Uma semana após a explosão que abalou o bairro do Jaguaré, na Zona Oeste de São Paulo, as famílias afetadas ainda aguardam definições sobre como reconstruir suas vidas. O incidente, que ocorreu no dia 11, resultou na morte de duas pessoas e deixou outras duas feridas, além de afetar cerca de 150 imóveis. O Ministério Público (MP) esteve presente na comunidade no dia 18, coletando depoimentos que ajudarão a determinar as medidas urgentes de atendimento às vítimas.
Impacto da explosão e medidas de emergência
Após a explosão, que causou a interdição de 27 casas, o governo e o judiciário responsabilizaram as concessionárias Sabesp e Comgas pelo desastre. Uma reunião na sede do MP reuniu representantes do governo e das empresas para discutir o impacto do evento, que afetou 744 pessoas, das quais 293 receberam auxílio emergencial. O MP ressaltou a importância de garantir o retorno das crianças abrigadas em hotéis para a escola.
Reconstrução e apoio às famílias
O governo estadual informou que 293 imóveis foram vistoriados e que reformas já começaram em 123 deles, os quais sofreram danos leves. Essas reformas estão sendo custeadas pelas concessionárias responsáveis. A Defesa Civil e as empresas envolvidas tinham a expectativa de finalizar a lista de imóveis interditados, mas essa informação ainda não foi confirmada.
Desafios enfrentados pelas vítimas
Enquanto as famílias aguardam uma definição clara sobre o futuro, o sentimento de incerteza persiste. A falta de um cronograma para a normalização da vida dos afetados gera preocupação. As autoridades continuam a trabalhar para garantir que as necessidades imediatas das vítimas sejam atendidas, mas a recuperação completa ainda parece distante.
Próximos passos e responsabilidades
O MP, juntamente com as concessionárias, está focado em garantir que as vítimas recebam o suporte necessário para a reconstrução de suas vidas.

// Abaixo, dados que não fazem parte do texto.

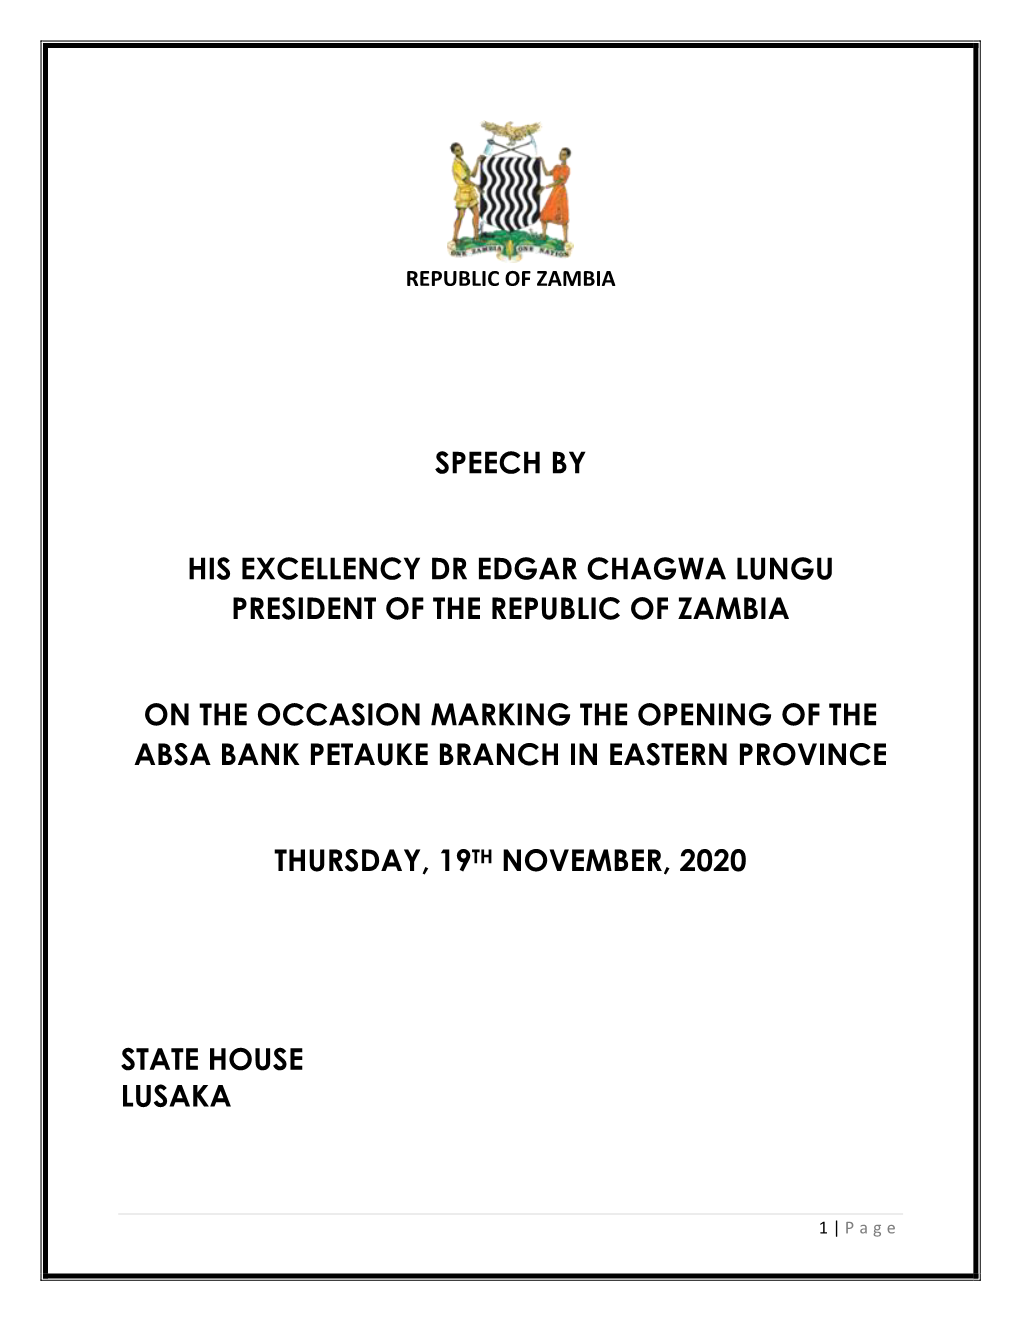 Speech by His Excellency Dr Edgar Chagwa Lungu

A prioridade é restabelecer a rotina das crianças e assegurar que as famílias tenham acesso a moradias seguras e adequadas.
A situação no Jaguaré serve como um lembrete da importância da responsabilidade das empresas de serviços públicos e da necessidade de um planejamento urbano eficaz para evitar tragédias semelhantes no futuro.